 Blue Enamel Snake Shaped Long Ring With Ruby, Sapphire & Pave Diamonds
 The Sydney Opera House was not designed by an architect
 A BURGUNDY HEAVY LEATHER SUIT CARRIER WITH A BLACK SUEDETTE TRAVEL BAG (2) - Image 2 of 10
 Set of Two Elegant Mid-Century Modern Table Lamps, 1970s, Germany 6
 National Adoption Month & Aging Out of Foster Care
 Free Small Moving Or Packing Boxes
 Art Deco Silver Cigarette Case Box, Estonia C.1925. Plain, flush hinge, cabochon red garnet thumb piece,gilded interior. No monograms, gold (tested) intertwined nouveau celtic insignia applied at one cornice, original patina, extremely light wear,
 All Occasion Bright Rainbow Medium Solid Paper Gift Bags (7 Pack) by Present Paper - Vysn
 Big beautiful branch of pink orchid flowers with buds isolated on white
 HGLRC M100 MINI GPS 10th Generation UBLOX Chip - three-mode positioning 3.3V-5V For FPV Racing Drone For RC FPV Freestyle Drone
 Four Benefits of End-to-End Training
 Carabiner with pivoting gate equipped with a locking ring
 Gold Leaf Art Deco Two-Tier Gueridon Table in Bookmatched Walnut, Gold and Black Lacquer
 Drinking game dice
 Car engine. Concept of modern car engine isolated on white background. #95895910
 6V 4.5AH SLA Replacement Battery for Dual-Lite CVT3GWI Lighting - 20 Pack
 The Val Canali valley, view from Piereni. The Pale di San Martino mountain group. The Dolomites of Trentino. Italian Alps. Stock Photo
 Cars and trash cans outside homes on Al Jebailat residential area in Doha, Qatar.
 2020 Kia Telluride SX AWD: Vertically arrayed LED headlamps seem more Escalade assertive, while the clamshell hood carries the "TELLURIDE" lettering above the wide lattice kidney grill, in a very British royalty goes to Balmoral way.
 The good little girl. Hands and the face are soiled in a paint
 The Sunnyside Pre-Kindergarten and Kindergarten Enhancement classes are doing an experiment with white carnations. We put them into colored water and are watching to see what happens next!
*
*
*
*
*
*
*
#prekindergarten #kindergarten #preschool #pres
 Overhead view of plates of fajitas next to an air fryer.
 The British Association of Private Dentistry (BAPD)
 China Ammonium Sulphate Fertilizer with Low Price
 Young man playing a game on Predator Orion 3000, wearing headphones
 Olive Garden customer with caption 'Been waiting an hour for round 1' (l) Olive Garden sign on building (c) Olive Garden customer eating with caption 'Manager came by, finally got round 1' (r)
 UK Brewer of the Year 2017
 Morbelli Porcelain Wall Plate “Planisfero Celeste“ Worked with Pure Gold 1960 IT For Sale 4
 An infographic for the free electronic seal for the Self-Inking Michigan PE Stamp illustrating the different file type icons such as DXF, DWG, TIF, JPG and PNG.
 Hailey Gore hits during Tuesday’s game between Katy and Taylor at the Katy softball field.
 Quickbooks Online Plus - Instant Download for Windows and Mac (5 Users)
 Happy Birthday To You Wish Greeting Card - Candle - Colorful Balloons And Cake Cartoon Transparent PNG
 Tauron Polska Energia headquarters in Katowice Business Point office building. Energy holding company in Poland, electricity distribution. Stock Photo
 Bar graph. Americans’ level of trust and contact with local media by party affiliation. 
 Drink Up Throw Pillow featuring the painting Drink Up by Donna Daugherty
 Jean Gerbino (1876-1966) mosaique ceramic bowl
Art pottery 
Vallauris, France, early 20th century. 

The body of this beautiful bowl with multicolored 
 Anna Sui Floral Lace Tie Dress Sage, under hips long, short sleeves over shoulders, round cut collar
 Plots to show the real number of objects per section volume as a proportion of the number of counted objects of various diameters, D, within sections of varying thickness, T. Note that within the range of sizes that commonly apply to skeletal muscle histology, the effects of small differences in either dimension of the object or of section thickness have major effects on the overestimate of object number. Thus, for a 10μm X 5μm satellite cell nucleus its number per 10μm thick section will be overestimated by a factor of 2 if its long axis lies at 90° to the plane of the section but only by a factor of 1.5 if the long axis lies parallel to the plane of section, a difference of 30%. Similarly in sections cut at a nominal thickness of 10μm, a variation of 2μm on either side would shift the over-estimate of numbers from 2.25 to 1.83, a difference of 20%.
####
**What you have to do**
Please give all the entries above again, exactly as they stand.

**Written answer**
 Blue Enamel Snake Shaped Long Ring With Ruby, Sapphire & Pave Diamonds
 The Sydney Opera House was not designed by an architect
 A BURGUNDY HEAVY LEATHER SUIT CARRIER WITH A BLACK SUEDETTE TRAVEL BAG (2) - Image 2 of 10
 Set of Two Elegant Mid-Century Modern Table Lamps, 1970s, Germany 6
 National Adoption Month & Aging Out of Foster Care
 Free Small Moving Or Packing Boxes
 Art Deco Silver Cigarette Case Box, Estonia C.1925. Plain, flush hinge, cabochon red garnet thumb piece,gilded interior. No monograms, gold (tested) intertwined nouveau celtic insignia applied at one cornice, original patina, extremely light wear,
 All Occasion Bright Rainbow Medium Solid Paper Gift Bags (7 Pack) by Present Paper - Vysn
 Big beautiful branch of pink orchid flowers with buds isolated on white
 HGLRC M100 MINI GPS 10th Generation UBLOX Chip - three-mode positioning 3.3V-5V For FPV Racing Drone For RC FPV Freestyle Drone
 Four Benefits of End-to-End Training
 Carabiner with pivoting gate equipped with a locking ring
 Gold Leaf Art Deco Two-Tier Gueridon Table in Bookmatched Walnut, Gold and Black Lacquer
 Drinking game dice
 Car engine. Concept of modern car engine isolated on white background. #95895910
 6V 4.5AH SLA Replacement Battery for Dual-Lite CVT3GWI Lighting - 20 Pack
 The Val Canali valley, view from Piereni. The Pale di San Martino mountain group. The Dolomites of Trentino. Italian Alps. Stock Photo
 Cars and trash cans outside homes on Al Jebailat residential area in Doha, Qatar.
 2020 Kia Telluride SX AWD: Vertically arrayed LED headlamps seem more Escalade assertive, while the clamshell hood carries the "TELLURIDE" lettering above the wide lattice kidney grill, in a very British royalty goes to Balmoral way.
 The good little girl. Hands and the face are soiled in a paint
 The Sunnyside Pre-Kindergarten and Kindergarten Enhancement classes are doing an experiment with white carnations. We put them into colored water and are watching to see what happens next!
*
*
*
*
*
*
*
#prekindergarten #kindergarten #preschool #pres
 Overhead view of plates of fajitas next to an air fryer.
 The British Association of Private Dentistry (BAPD)
 China Ammonium Sulphate Fertilizer with Low Price
 Young man playing a game on Predator Orion 3000, wearing headphones
 Olive Garden customer with caption 'Been waiting an hour for round 1' (l) Olive Garden sign on building (c) Olive Garden customer eating with caption 'Manager came by, finally got round 1' (r)
 UK Brewer of the Year 2017
 Morbelli Porcelain Wall Plate “Planisfero Celeste“ Worked with Pure Gold 1960 IT For Sale 4
 An infographic for the free electronic seal for the Self-Inking Michigan PE Stamp illustrating the different file type icons such as DXF, DWG, TIF, JPG and PNG.
 Hailey Gore hits during Tuesday’s game between Katy and Taylor at the Katy softball field.
 Quickbooks Online Plus - Instant Download for Windows and Mac (5 Users)
 Happy Birthday To You Wish Greeting Card - Candle - Colorful Balloons And Cake Cartoon Transparent PNG
 Tauron Polska Energia headquarters in Katowice Business Point office building. Energy holding company in Poland, electricity distribution. Stock Photo
 Bar graph. Americans’ level of trust and contact with local media by party affiliation. 
 Drink Up Throw Pillow featuring the painting Drink Up by Donna Daugherty
 Jean Gerbino (1876-1966) mosaique ceramic bowl
Art pottery 
Vallauris, France, early 20th century. 

The body of this beautiful bowl with multicolored 
 Anna Sui Floral Lace Tie Dress Sage, under hips long, short sleeves over shoulders, round cut collar
 Plots to show the real number of objects per section volume as a proportion of the number of counted objects of various diameters, D, within sections of varying thickness, T. Note that within the range of sizes that commonly apply to skeletal muscle histology, the effects of small differences in either dimension of the object or of section thickness have major effects on the overestimate of object number. Thus, for a 10μm X 5μm satellite cell nucleus its number per 10μm thick section will be overestimated by a factor of 2 if its long axis lies at 90° to the plane of the section but only by a factor of 1.5 if the long axis lies parallel to the plane of section, a difference of 30%. Similarly in sections cut at a nominal thickness of 10μm, a variation of 2μm on either side would shift the over-estimate of numbers from 2.25 to 1.83, a difference of 20%.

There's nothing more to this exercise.